# Exercise brief
Copy the data that follows exactly as it is, excluding all pictures.

# Collected data
◆ ◆ ◆ ◆ ◆
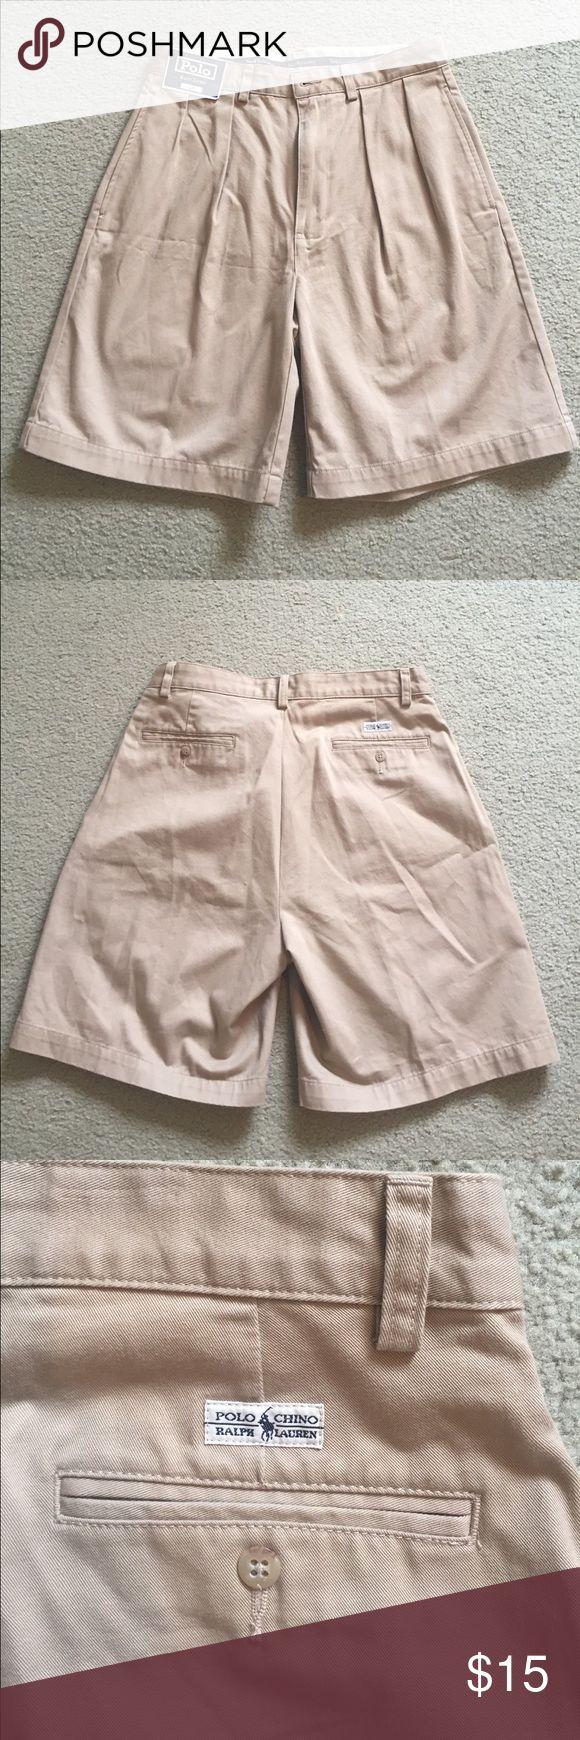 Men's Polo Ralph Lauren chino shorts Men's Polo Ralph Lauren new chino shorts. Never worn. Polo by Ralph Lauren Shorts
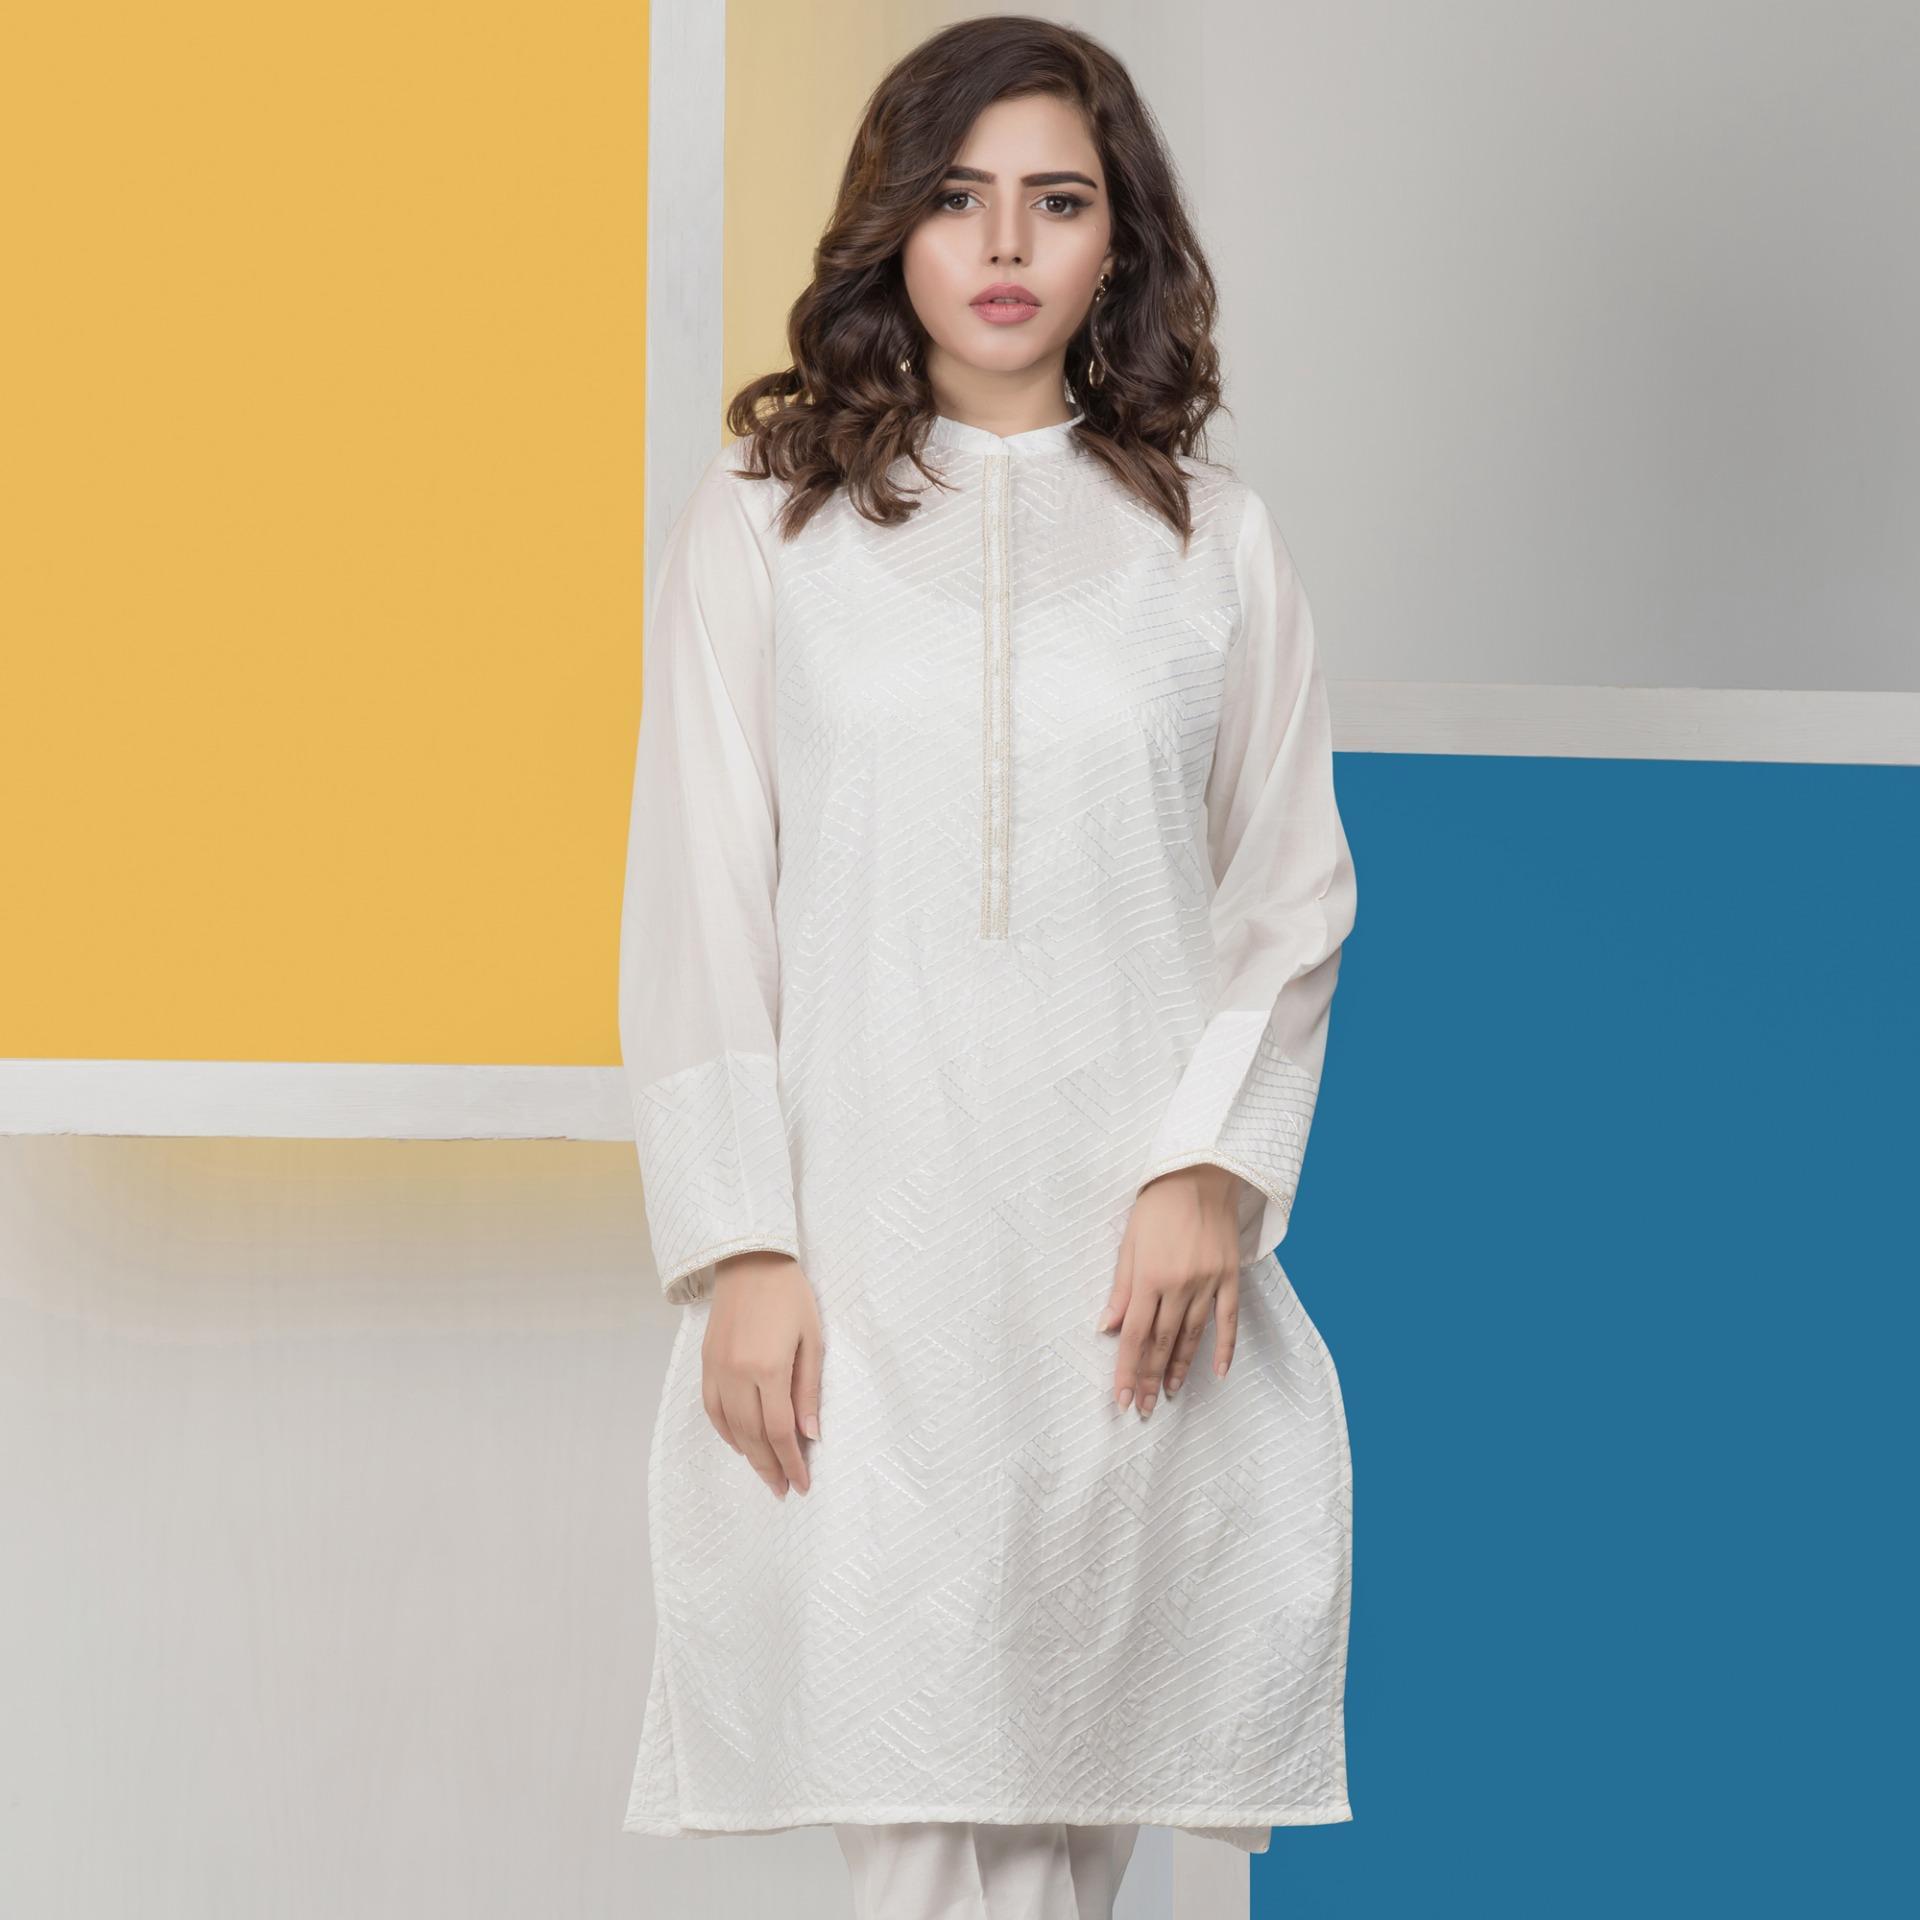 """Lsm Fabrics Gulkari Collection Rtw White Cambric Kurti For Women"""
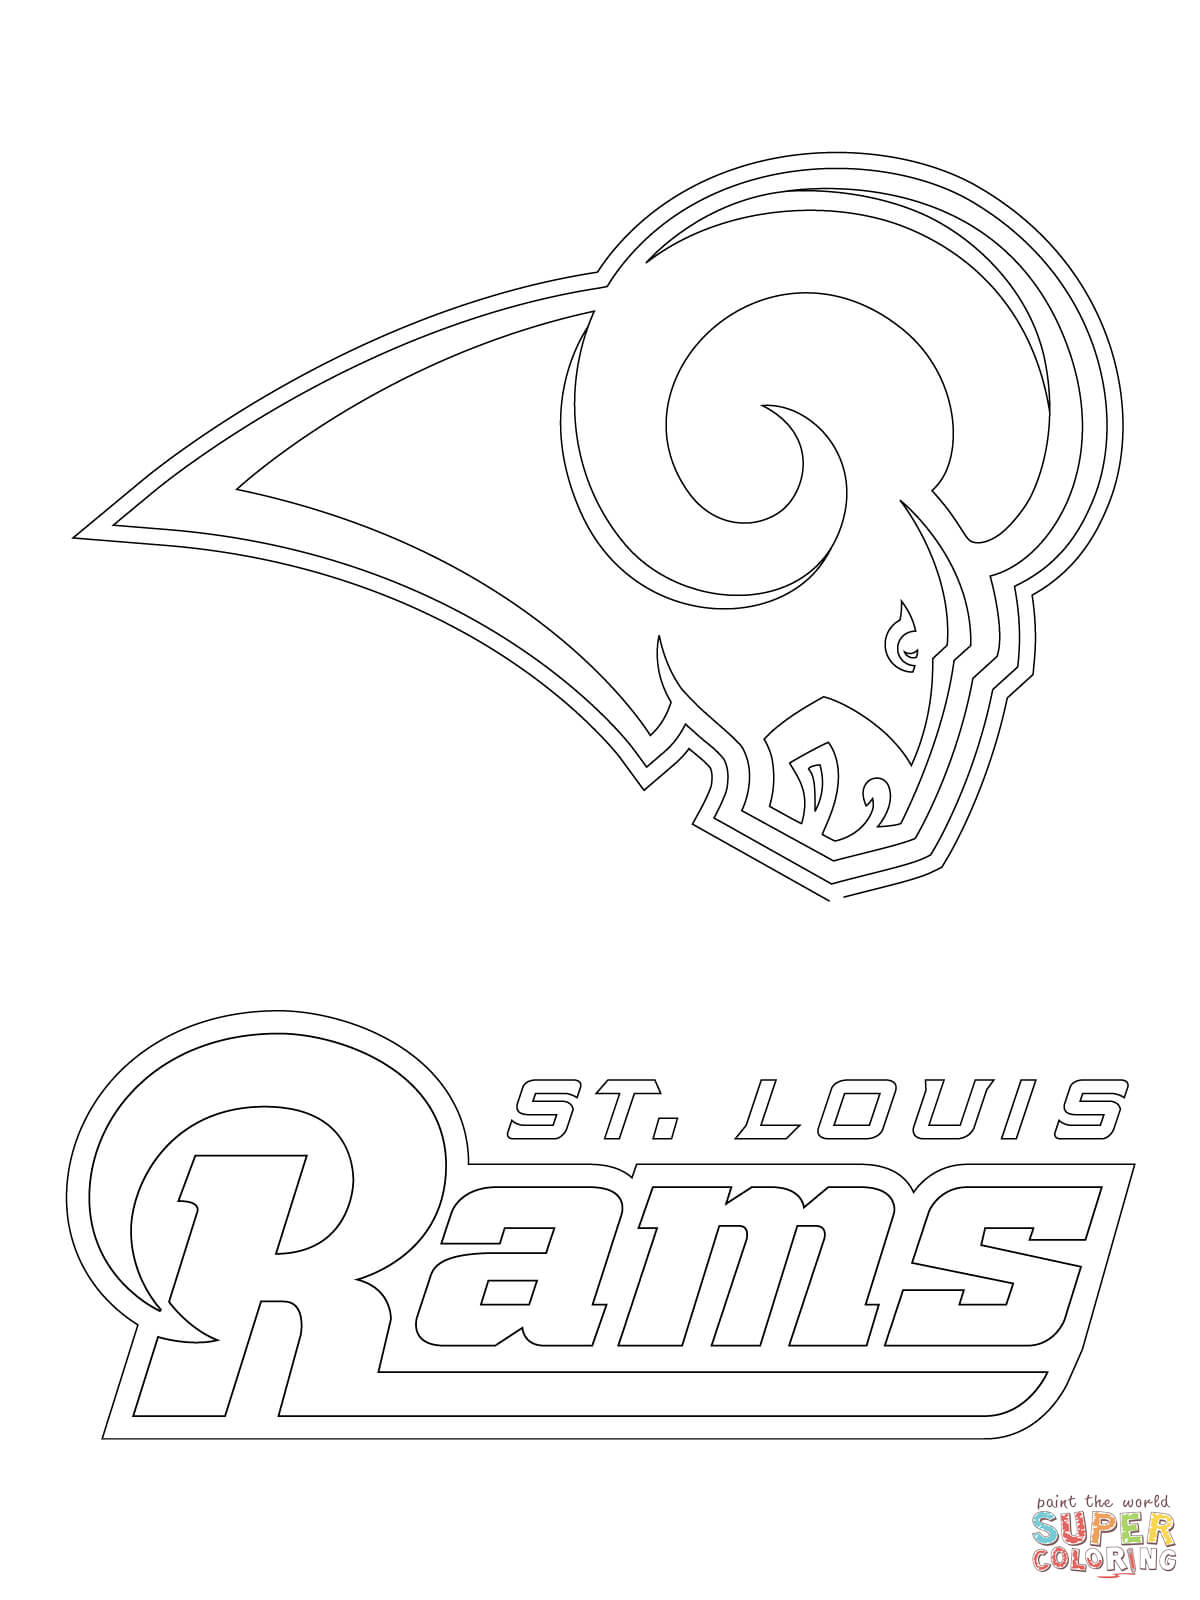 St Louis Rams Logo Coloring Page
◆ ◆ ◆ ◆ ◆
# Finished exercise
 Men's Polo Ralph Lauren chino shorts Men's Polo Ralph Lauren new chino shorts. Never worn. Polo by Ralph Lauren Shorts
 """Lsm Fabrics Gulkari Collection Rtw White Cambric Kurti For Women"""
 St Louis Rams Logo Coloring Page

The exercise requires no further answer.